Stem Cell and the Senate--Limbaugh Weighs In
The camera is still. It's the actor who is moving in a jittery fashion.
Michael J. Fox, fighting a well-publicized battle with Parkinson's disease, is lending his halting but powerful voice to the U.S. campaign of Democrat Benjamin L. Cardin, because of the Democrat's support for embryonic stem cell research.
The television ad that began airing last night bears witness to the popular actor's unmistakable decline from Parkinson's disease, and harnesses that physical degeneration into a political message about the differing views held by Cardin and Republican opponent Michael S. Steele on stem cell research. (Read his profile here.)
In addition to the Cardin ad, Fox filmed 30-second spots for Missouri senate candidate Claire McCaskill, a Democrat who is seeking to unseat Republican Jim Talent, and for Wisconsin Gov. Jim Doyle, who is seeking reelection. He has also made plans to appear at events for two Democrats, Sen. Robert Menendez of New Jersey, and Tammy Duckworth, a candidate for congress in Illinois.
"He wants to take on races, and get involved in races that involve a pro stem cell candidate against an anti embryonic stem cell candidate," said John Rogers, a publicist for Fox.
Conservative radio talk show host Rush Limbaugh accused Fox of exaggerating the symptom of his illness for dramatic effect. "He's moving all around and shaking and it's purely an act," Limbaugh told listerners this afternoon. "This is the only time I've ever seen Michael J. Fox portray any of the symptoms of the disease he has. He can barely control himself."
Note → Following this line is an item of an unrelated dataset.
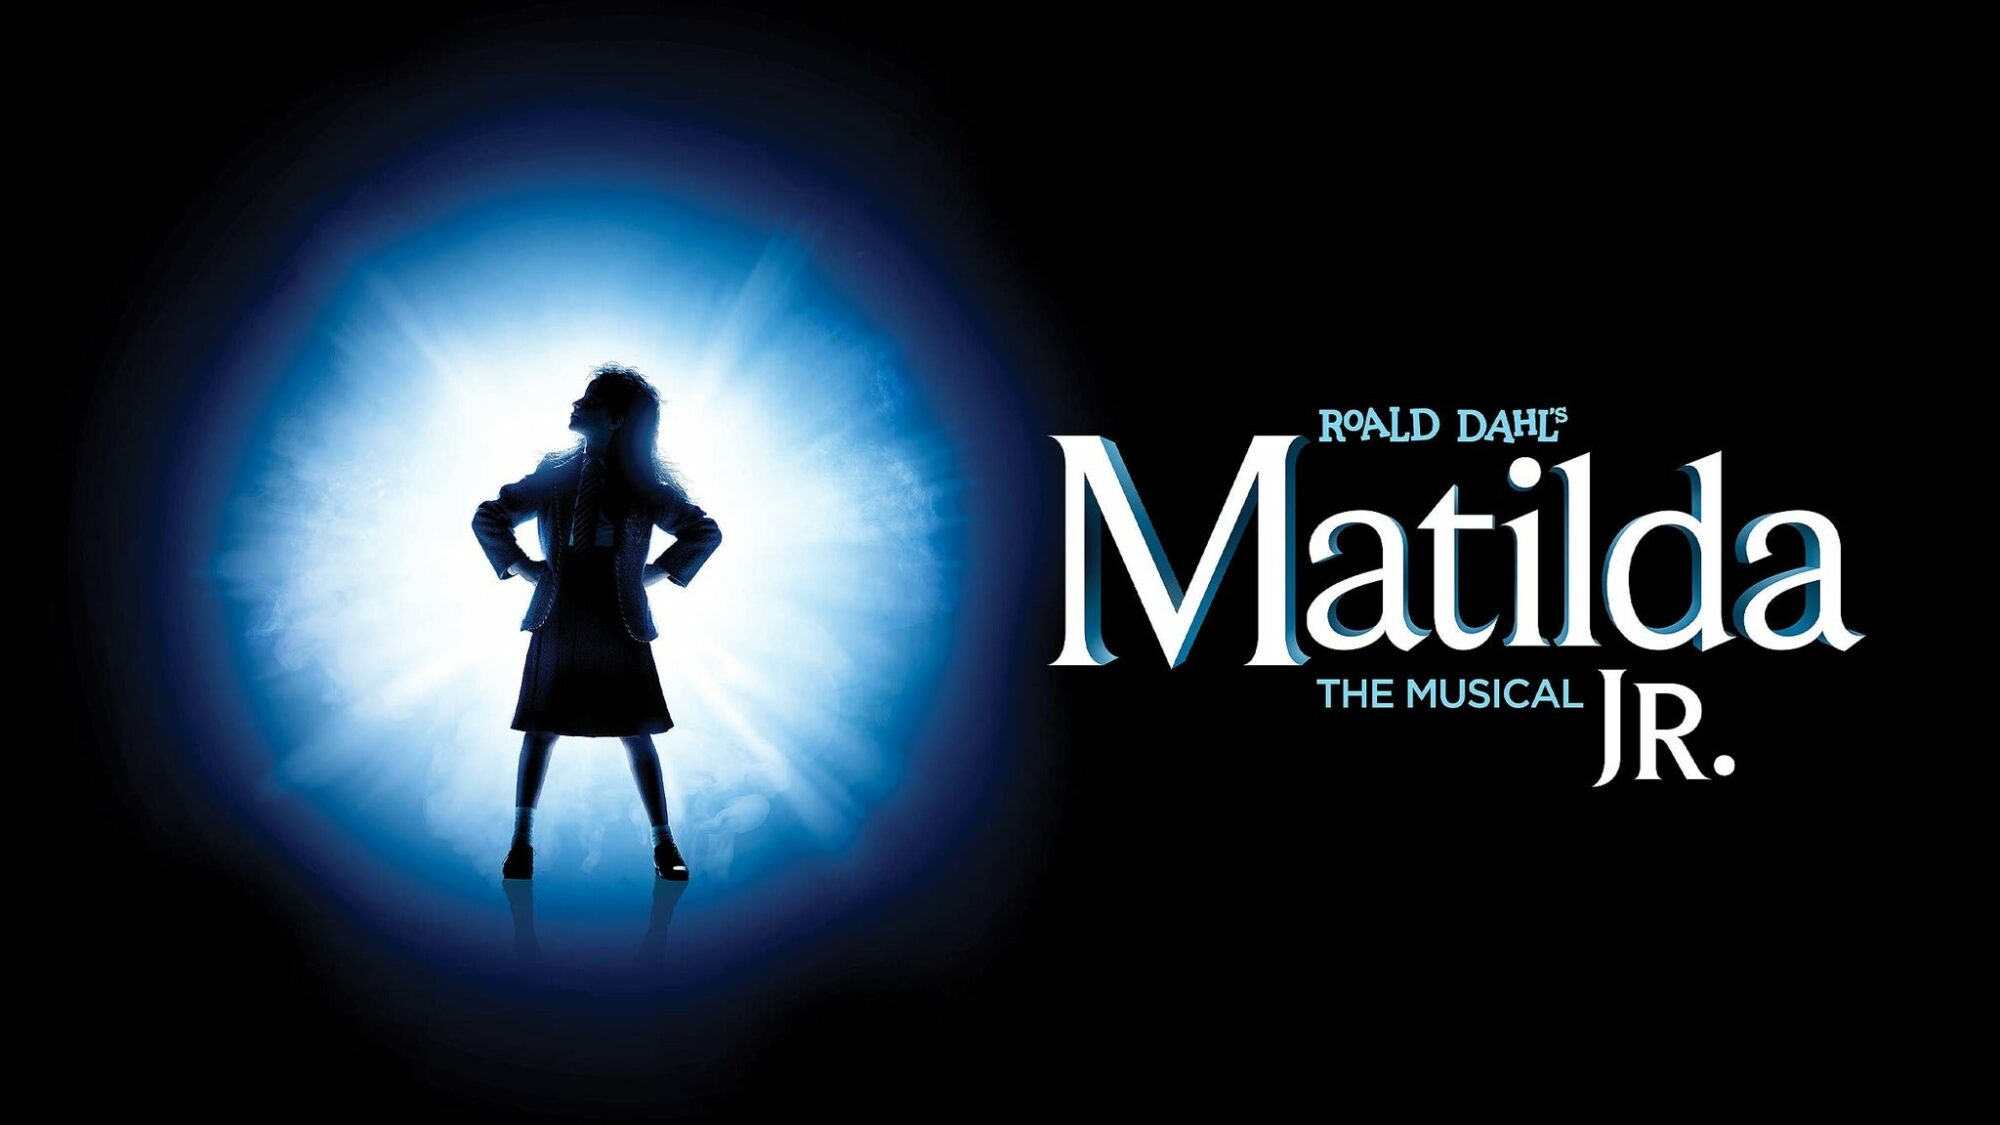 Image name Matilda Jr The Musical at Whitby Pavilion Theatre Whitby the 15 image from the post Events in Yorkshire.com.

Opponents of embryonic stem cell research who heard about the ad said they found it sad.
"To me, this is a shame that they're exploiting someone like Michael J. Fox for something that the scientists say is not going to do anything," said Douglas Stiegler, executive director of Maryland's Family Protection Lobby.
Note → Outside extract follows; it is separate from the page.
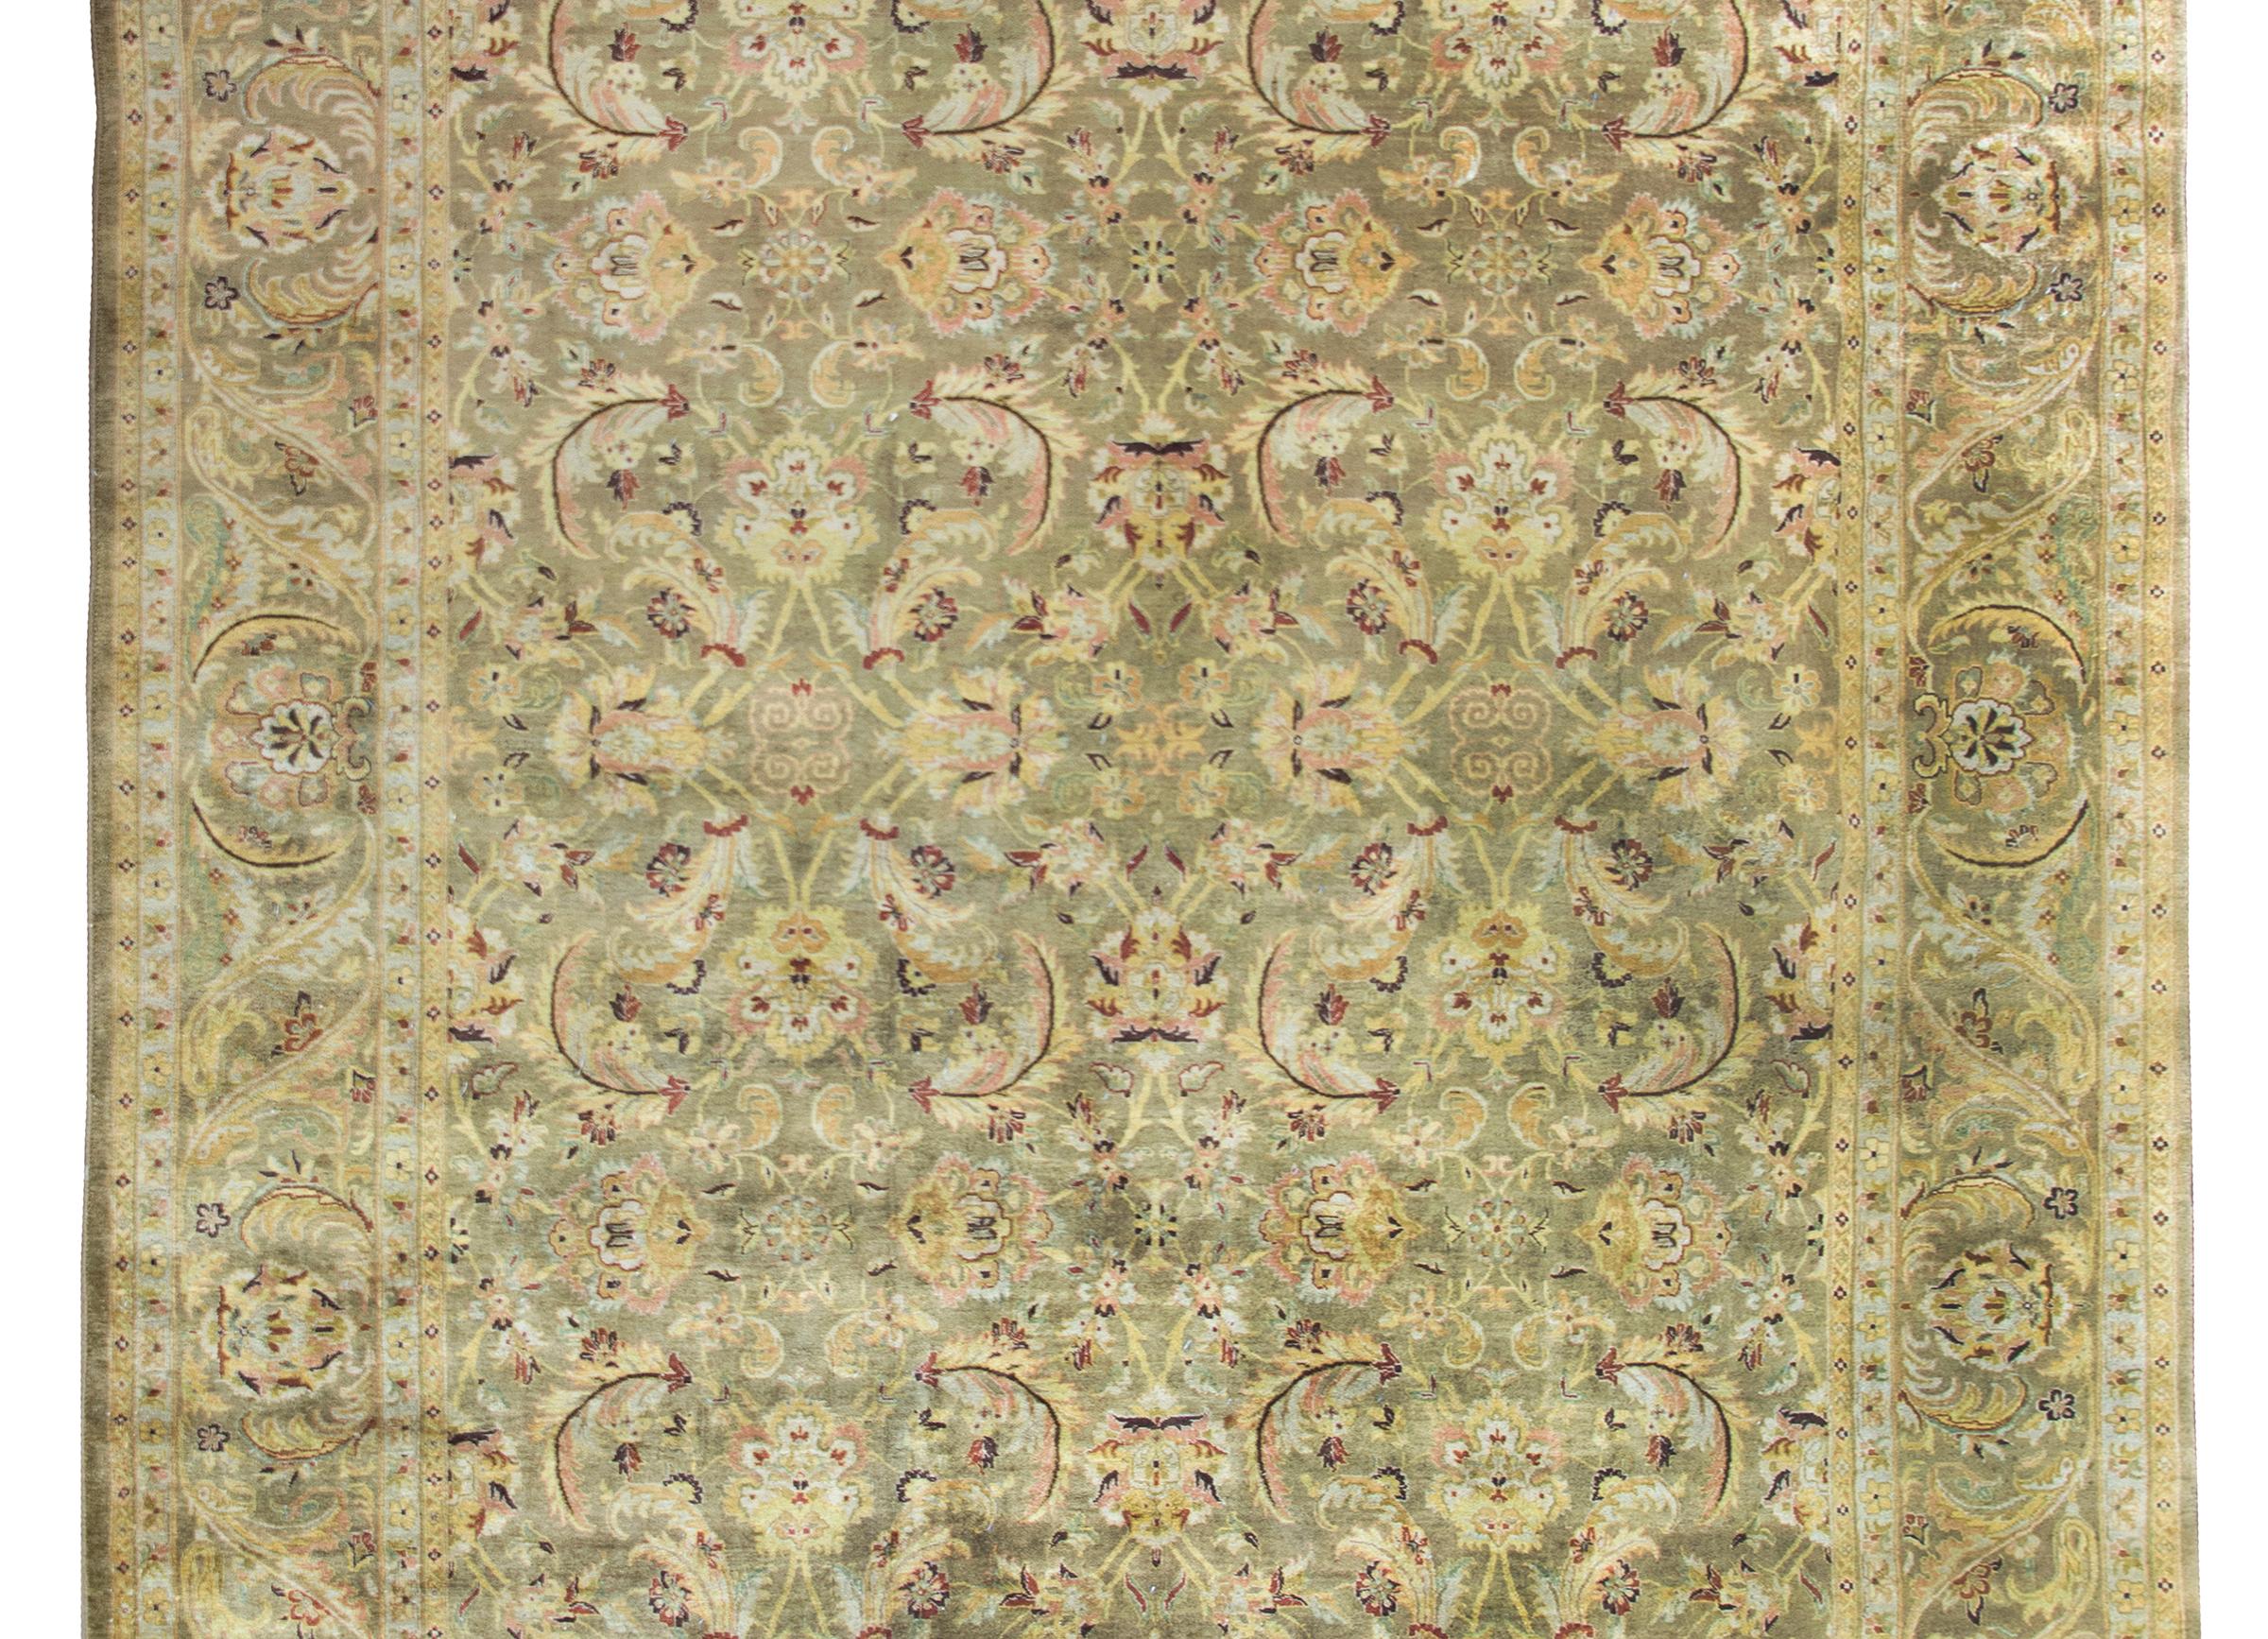 A wonderful late 20th century Indian Oushak rug with an all-over mirrored large-scale floral, leaf, and vine pattern surrounded by a complementary border with more large-scale flowers and all woven in pale yellow, cranberry, pink, and orange, set

Steele campaign spokesman Doug Heye agreed, saying he considered the ad "in extremely poor taste."
Fox's battle with Parkinson's has been widely chronicled, but in this ad he shows a noticeable degree of decline.
His speech is clear but his head and body are jerky and unsteady. The camera remains still -- nothing about the production by Cardin consultant LHKK Media appears aimed at diminishing the striking visual impact of Fox's condition.
Cardin aides said Fox contacted the campaign after seeing news accounts of Steele's position on the research.
In February, Steele told members of a Baltimore Jewish group, "Look, you of all folks know what happens when people decide they want to experiment on human beings, when they want to take your life and use it as a tool."
He later apologized for the remark, which was interpreted as a comparison between embryonic stem cell research and Nazi experimentation. But he has maintained his position that research on embryos is not needed, especially, he has said, since there is promising research being done on adult stem cells.